P/S Ratio less than X-Industry: This metric determines the value placed on each dollar of a company’s revenues. The lower the ratio, the better it is for picking a stock since the investor is paying less for each unit of sales.
% Change F1 Sales Estimate Revisions (four weeks) greater than X-Industry: Estimate revisions, better than the industry, are often seen to trigger an increase in stock price.
Operating Margin (average last five years) greater than 5%: Operating margin measures how much every dollar of a company's sales translates into profits. A high ratio indicates that the company has good cost control and sales are increasing faster than costs — an optimal situation.
Return on Equity (ROE) greater than 5%: This metric will ensure that sales growth is translated into profits and the company is not hoarding cash. A high ROE means that the company is spending wisely and is, in all likelihood, profitable.
Zacks Rank less than or equal to 2: Zacks Rank #1 (Strong Buy) or 2 (Buy) stocks are known to outperform, irrespective of the market environment. You can see the complete list of today’s Zacks #1 Rank stocks here.
3 Stocks With Robust Sales Growth to Buy
King of Prussia, PA-based Universal Health Services owns and operates acute care hospitals, behavioral health centers, surgical hospitals, ambulatory surgery centers and radiation oncology centers. UHS’ range of services includes general and specialty surgery, internal medicine, obstetrics, emergency room care, radiology, oncology, diagnostic care, coronary care, pediatric services, pharmacy services and/or behavioral health services.

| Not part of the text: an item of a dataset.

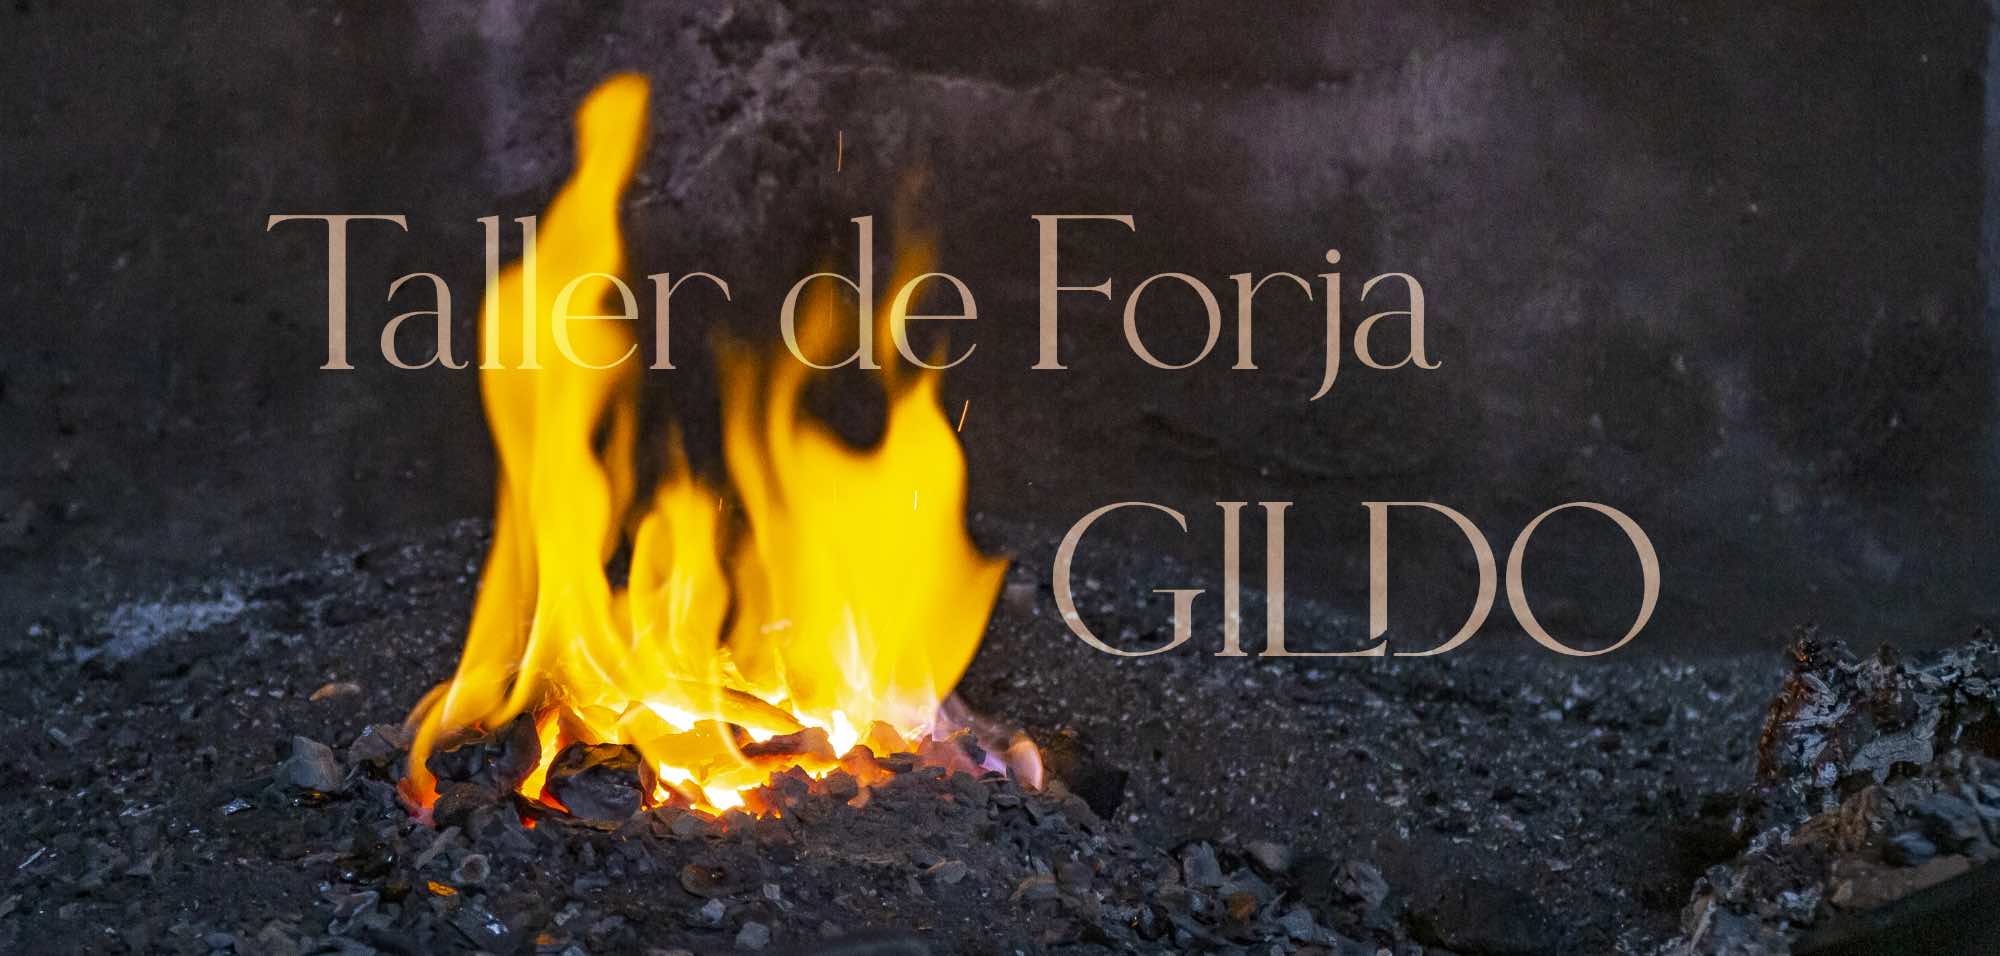 Taller de Forja Gildo Forja Artesanal con fragua de carbón

Universal Health Services’ expected sales growth rate for 2026 is 5.2%. UHS carries a Zacks Rank #2 at present.
Headquartered in Phoenix, AZ, Pinnacle West Capital provides electricity services (wholesale or retail) in the state of Arizona through its subsidiaries. PNW is involved in the generation, transmission and distribution of electricity from coal, nuclear, gas, oil and solar.
Pinnacle West Capital’s expected sales growth rate for 2026 is 4.6%. PNW currently carries a Zacks Rank #2.
Based in Vancouver, Canada, Methanex is the world’s largest supplier of methanol to North America, Asia-Pacific, Europe and Latin America. MEOH purchases methanol from others under contract and on the spot market to meet customer requirements.
MEOH’s sales are expected to rise 9.8% in 2026. Methanex carries a Zacks Rank #2 at present.